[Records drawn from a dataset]
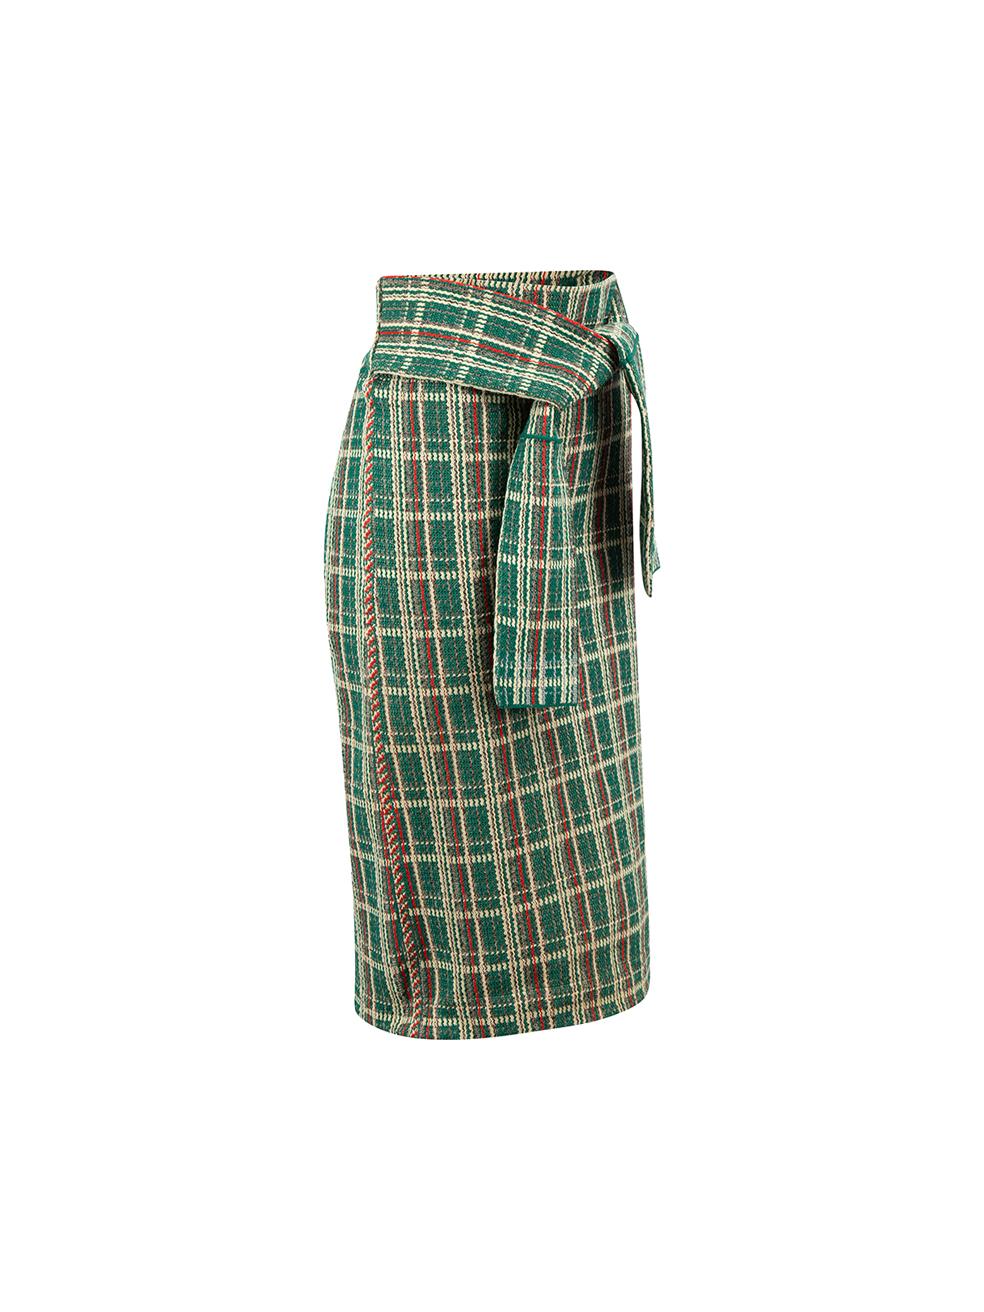 CONDITION is Very good. Minimal wear to skirt is evident. Minimal wear to internal brand label which is partially unstitched on this used Céline designer resale item.

Details
Green
Synthetic
Straight skirt
Midi
Tartan pattern
Waist tie
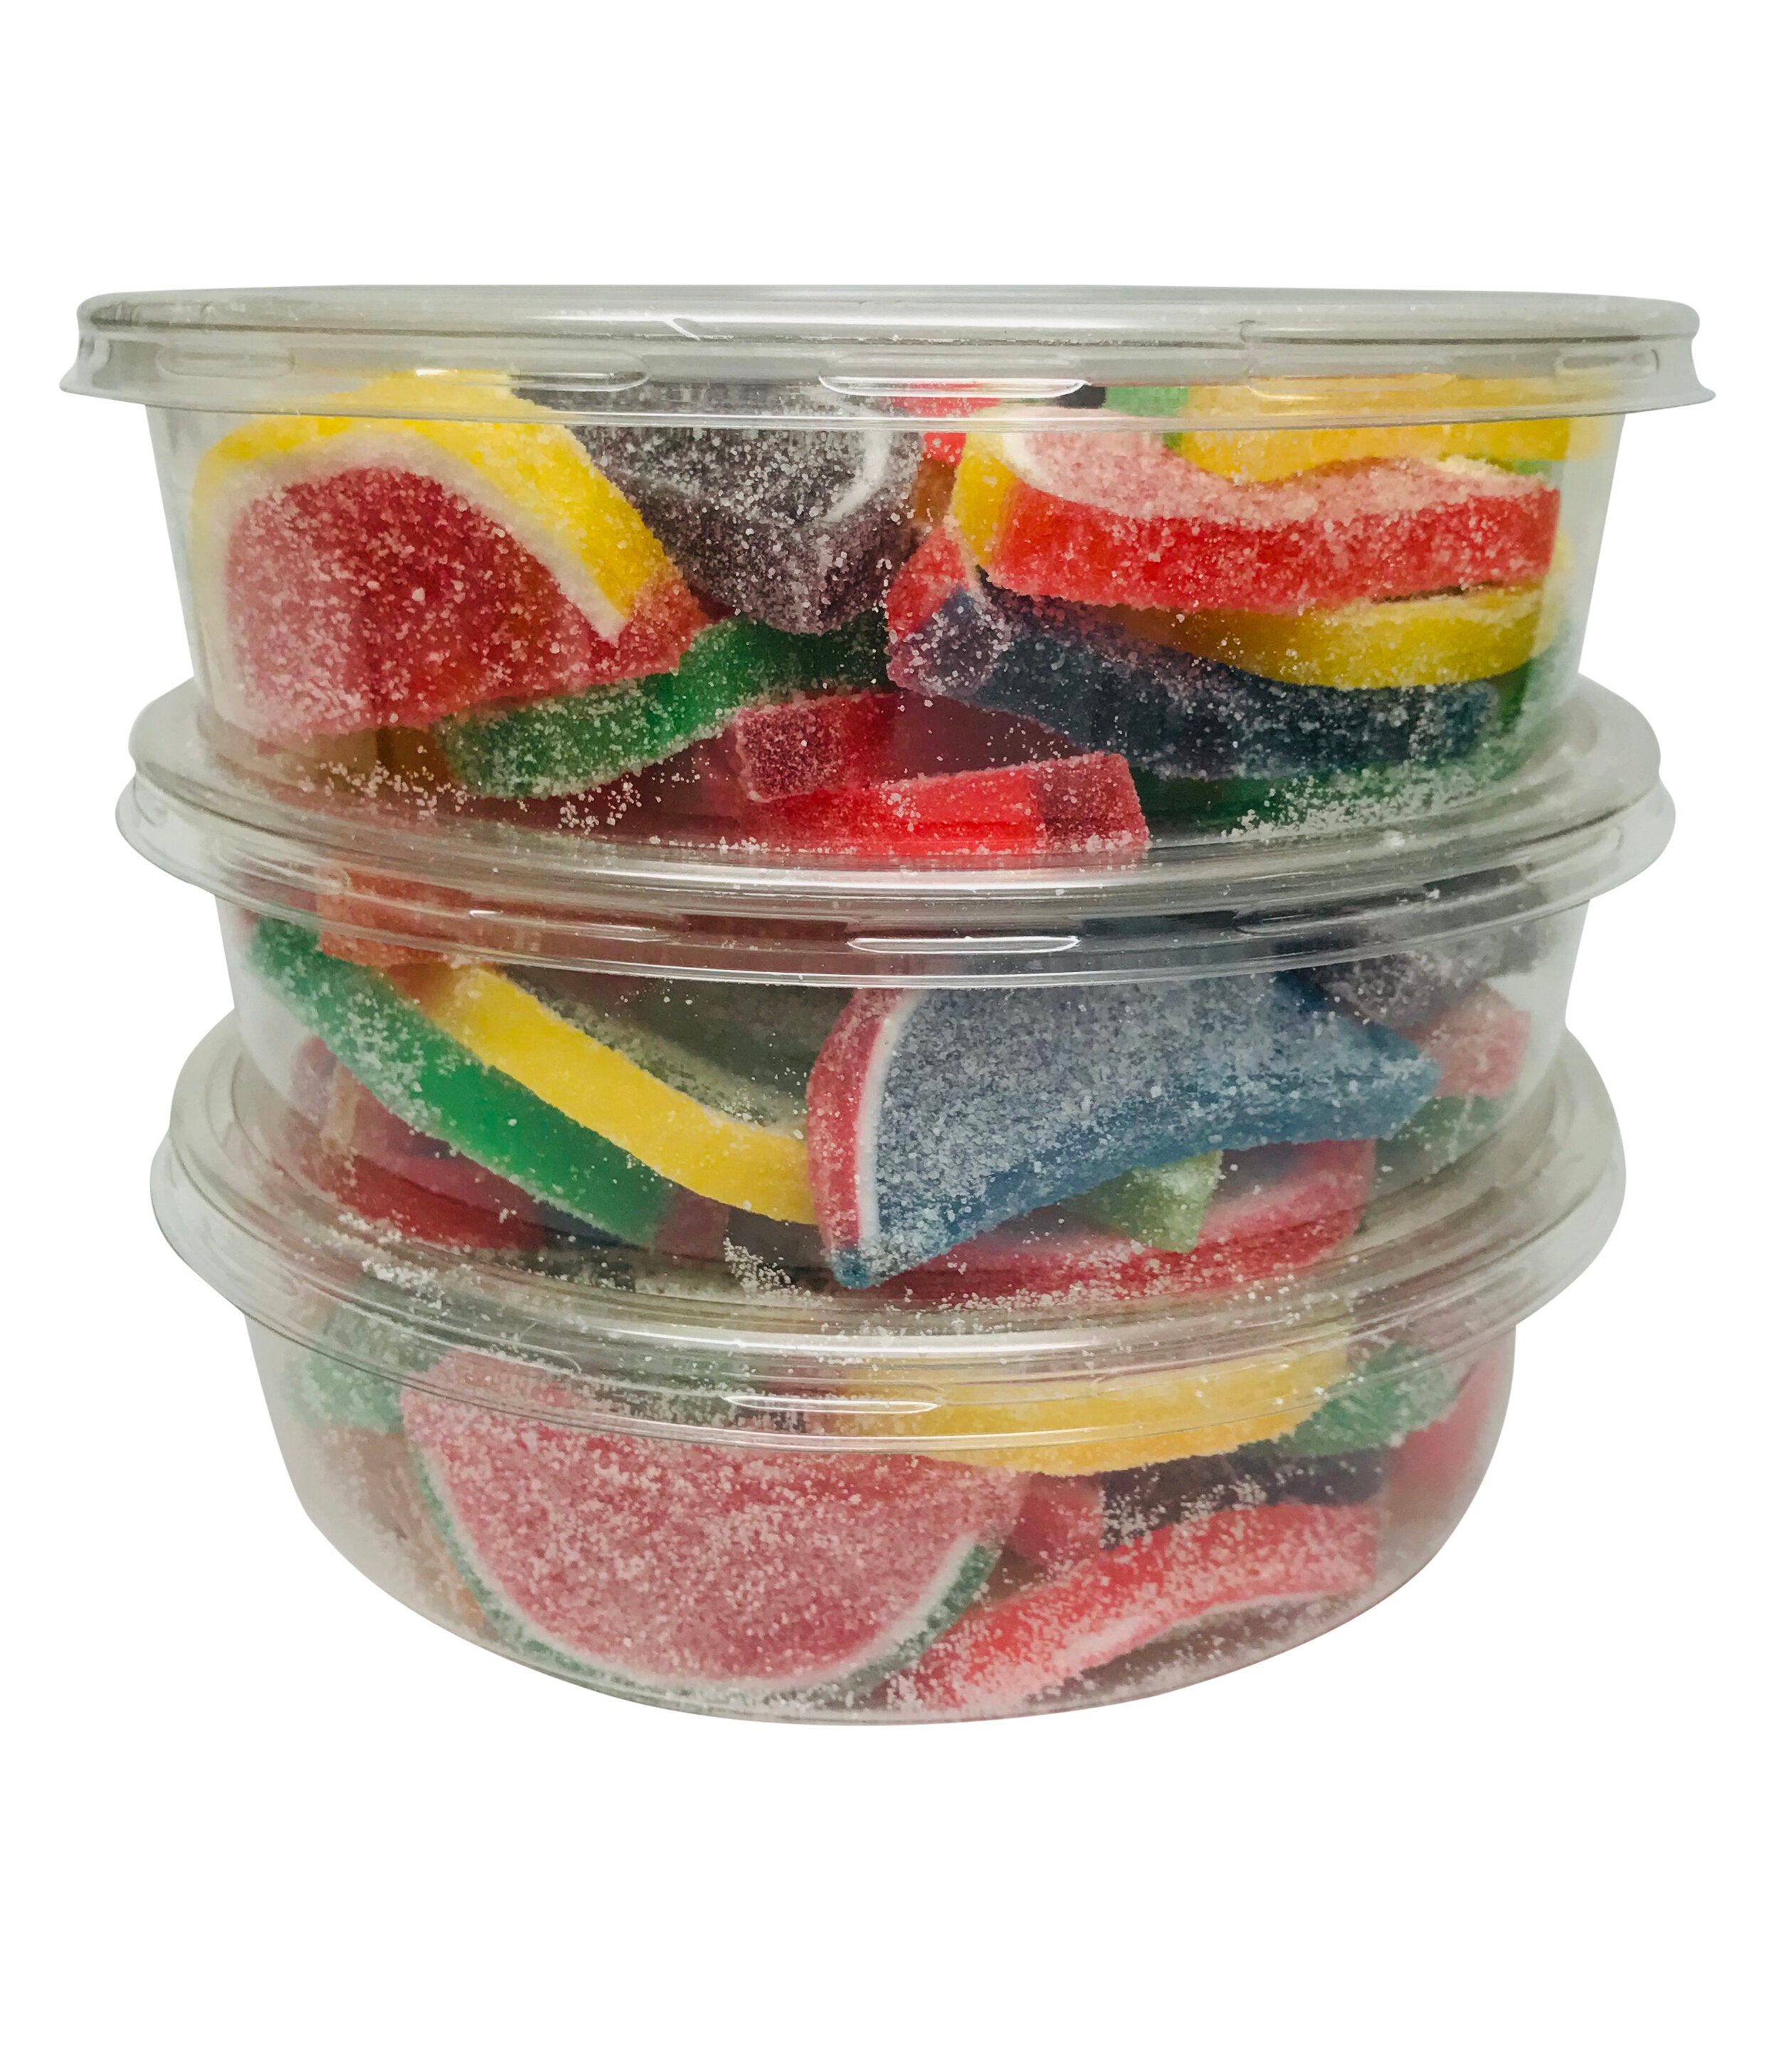 10LB Box Individually Wrapped Fruit Slices - BULK for your store

— What the task asks —
Without changing a word, retype every entry above, but drop its pictures.

— Answer to the exercise —
 CONDITION is Very good. Minimal wear to skirt is evident. Minimal wear to internal brand label which is partially unstitched on this used Céline designer resale item.

Details
Green
Synthetic
Straight skirt
Midi
Tartan pattern
Waist tie
 10LB Box Individually Wrapped Fruit Slices - BULK for your store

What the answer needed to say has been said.